We turn the research above into something you'll actually look forward to.

Tempo

Slow enough for your breath to follow — the pace of a resting heart, not a workout playlist.

Frequency

Warm, low-register textures and 432 Hz / solfeggio-inspired tunings chosen for softness over long listening.

Voice

Calm, unhurried, female-led guidance — written for women, never rushed, never preachy.

Structure

Arrivals, journeys and landings. Each session eases you in, does its work, and returns you gently.

Common questions

Does listening to music actually lower cortisol?

A systematic review of sixteen randomized trials found music listening was associated with reductions in cortisol along with lower heart rate and blood pressure. The effect is real but gentle — it works best as a consistent ritual rather than a one-off.

Can music or meditation help with menopausal sleep?

Yes. In a randomized controlled trial, menopausal women who used a nightly music ritual for five weeks significantly improved their sleep quality, and broader reviews of mind–body therapies for menopausal women point the same way. It’s one of the best-supported non-drug options for midlife sleep.

Is 432 Hz music scientifically proven?

The evidence is early, not settled. One randomized trial found 432 Hz music lowered salivary cortisol more than standard 440 Hz tuning during a stressful procedure. We choose warm tunings for comfort over long listening, and we’re honest that this is a promising signal rather than proof.

What is yoga nidra or NSDR, and does it work?

Yoga nidra (non-sleep deep rest) is a lie-down, fully guided practice that brings the body to the edge of sleep while the mind stays aware. A randomized trial of 341 people found even an 11-minute session, practised over two months, reduced stress and salivary cortisol — with modest but genuine effect sizes.

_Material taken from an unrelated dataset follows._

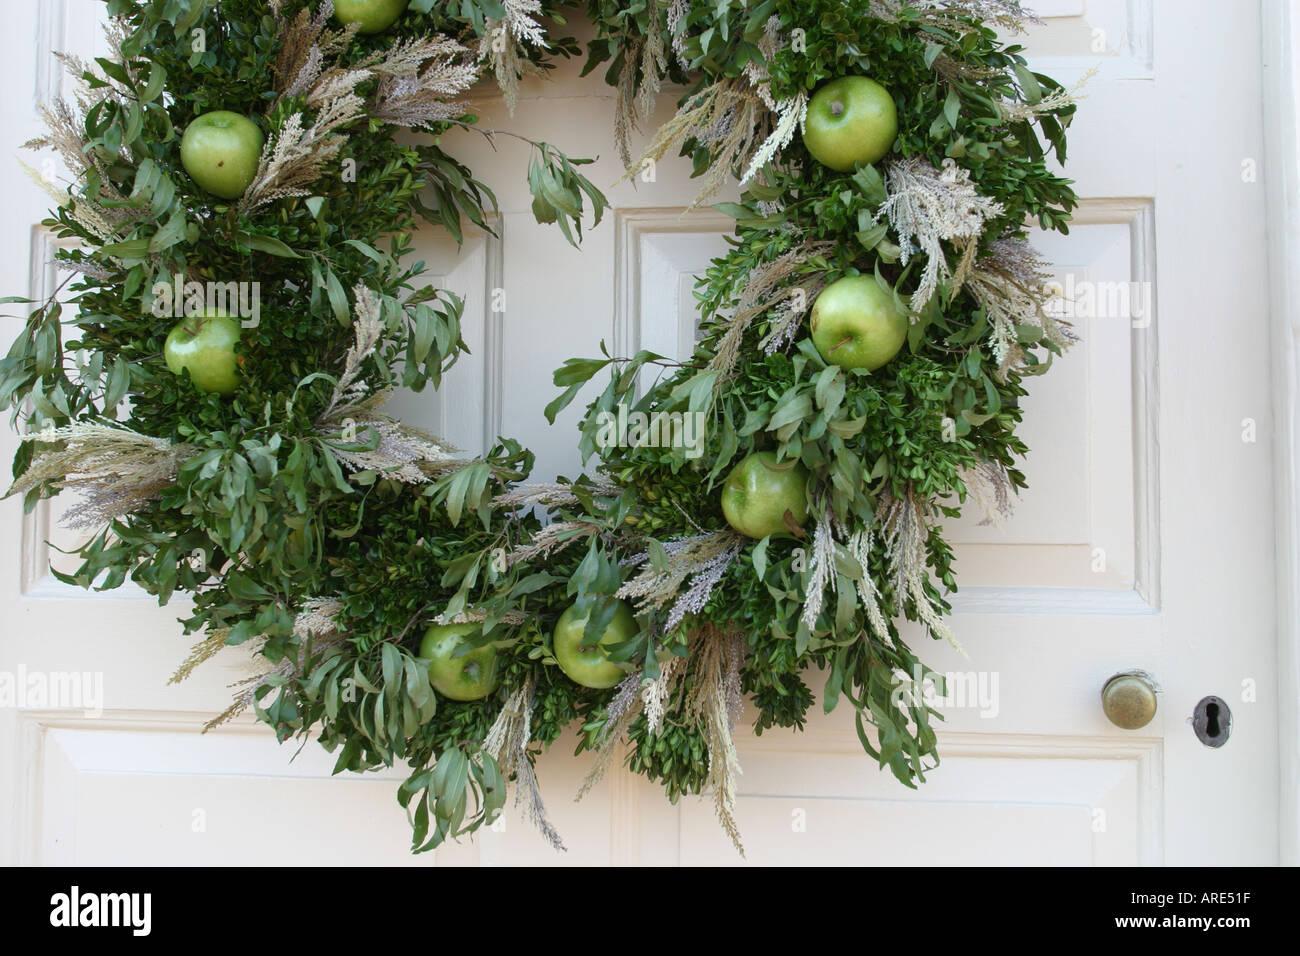 virginia colonial national historical park yorktown main street nelson house colonial christmas decor front door
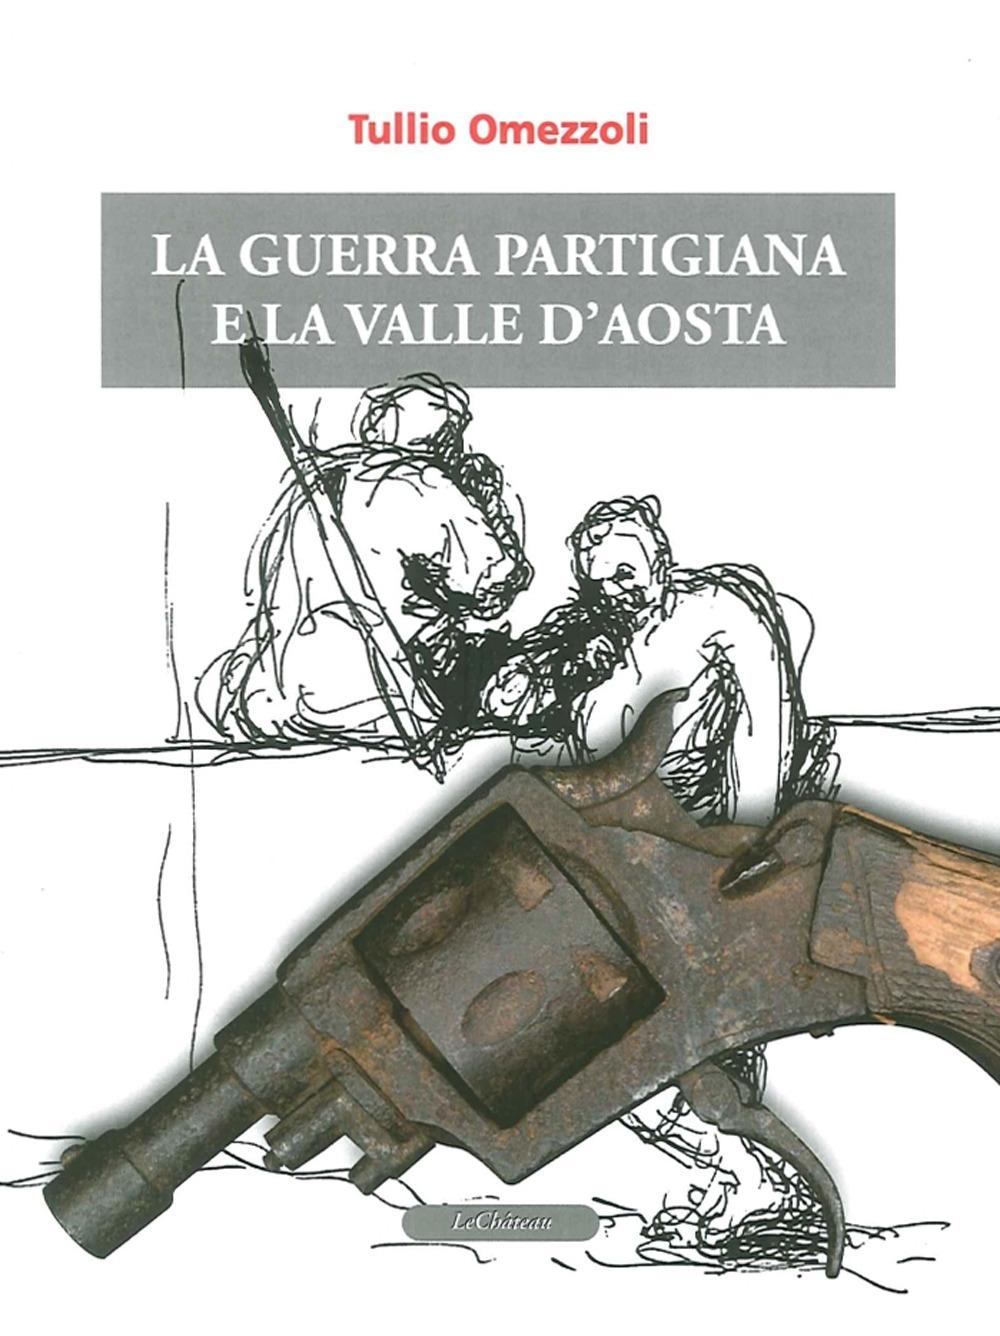 La Guerra Partigiana e la Valle d'Aosta.

Is therapeutic sound a substitute for medical care?

No. Vibrate’s meditations and music support rest and emotional wellbeing and are informed by published research, but they are not medical advice, therapy or treatment for any condition. For persistent sleep, mood or health problems, please speak to a qualified professional.

References

Every claim on this page traces to published research. Studies describe general findings on music and meditation; they are not statements about Vibrate specifically.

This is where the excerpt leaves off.